▶ **About this exercise**:
Please output the section of the listing below that opens with the line containing "(24 – 25 June" and closes with the line containing "special performance efficiency", exactly and with nothing else.

▶ **Entries supplied**:
BEGIN
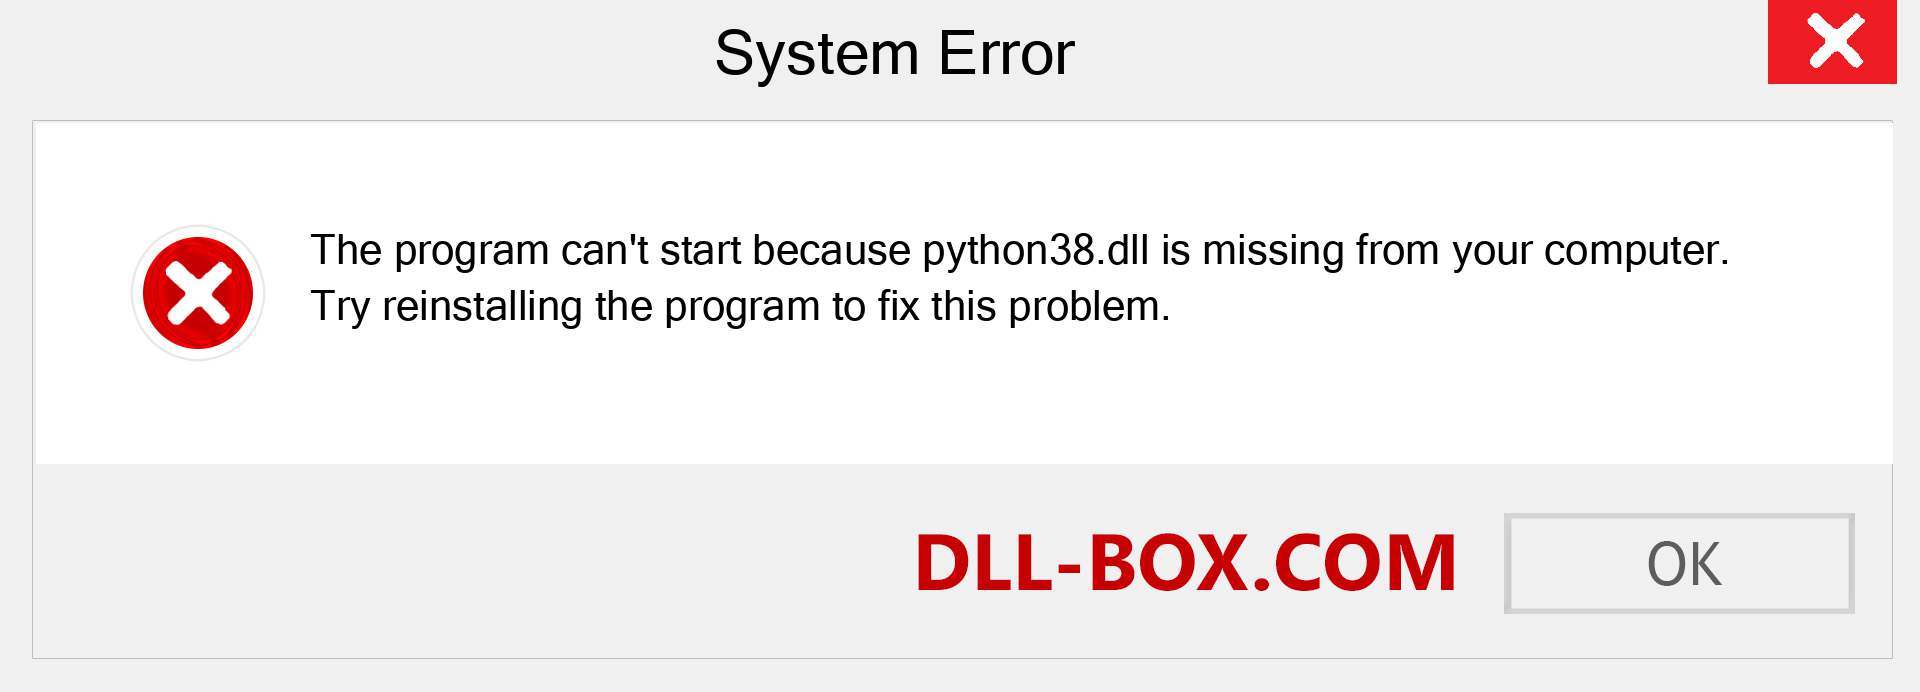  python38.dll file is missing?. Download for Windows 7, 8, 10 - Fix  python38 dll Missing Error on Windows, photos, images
END
BEGIN
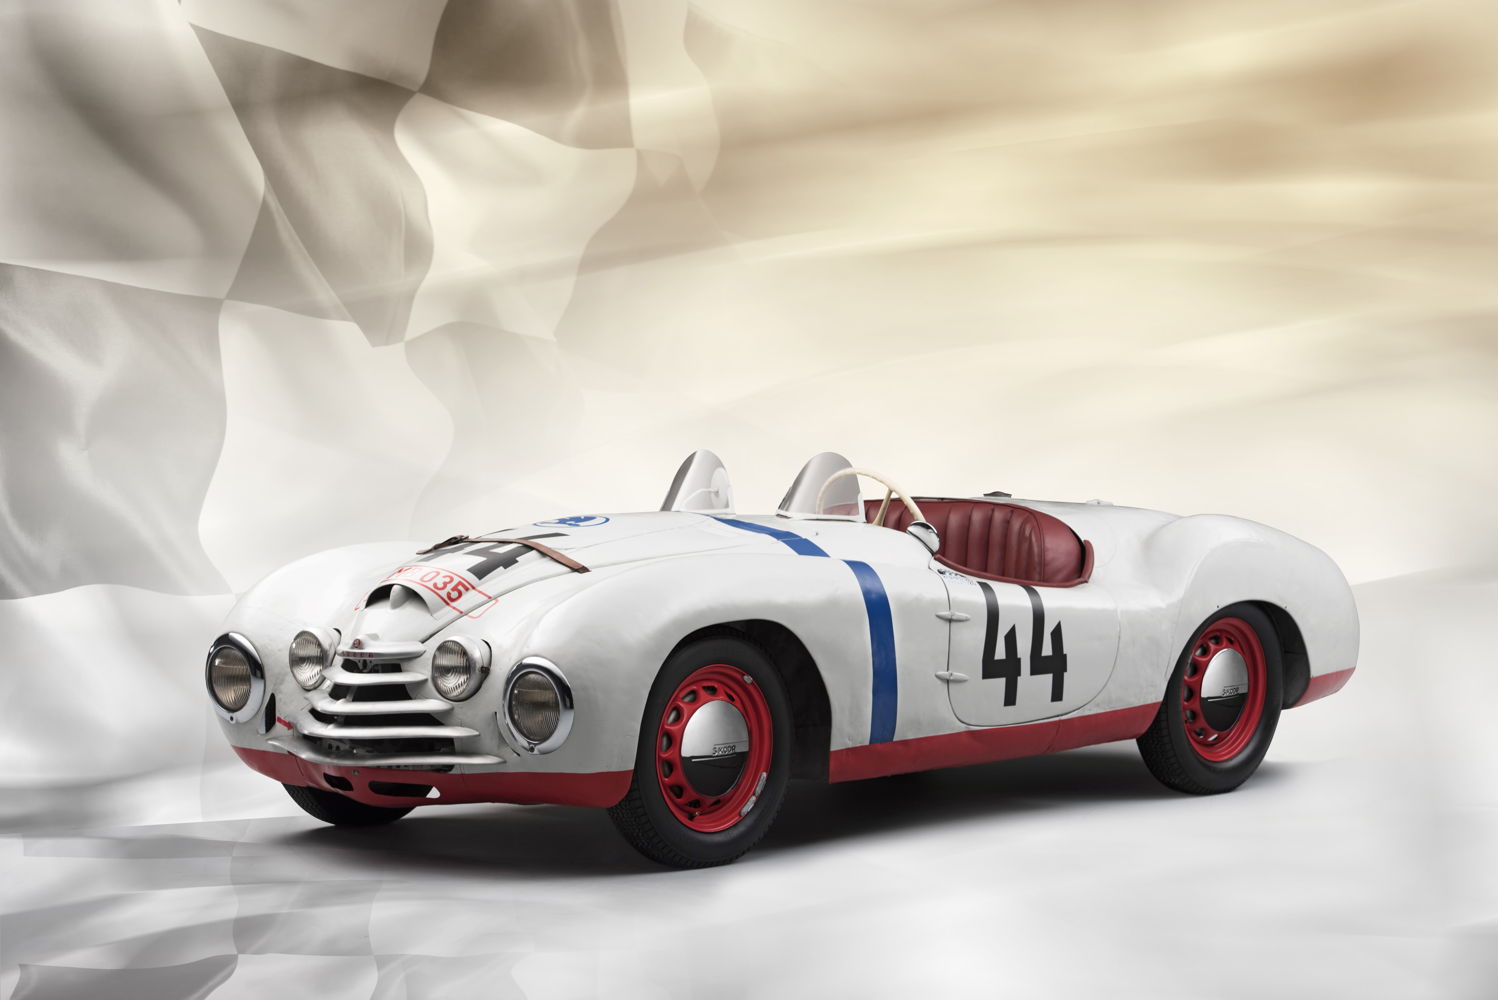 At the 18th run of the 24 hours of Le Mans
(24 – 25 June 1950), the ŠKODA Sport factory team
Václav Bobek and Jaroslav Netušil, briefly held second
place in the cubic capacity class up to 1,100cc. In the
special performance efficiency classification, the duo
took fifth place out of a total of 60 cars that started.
END
▶ **Exercise output**:
(24 – 25 June 1950), the ŠKODA Sport factory team
Václav Bobek and Jaroslav Netušil, briefly held second
place in the cubic capacity class up to 1,100cc. In the
special performance efficiency classification, the duo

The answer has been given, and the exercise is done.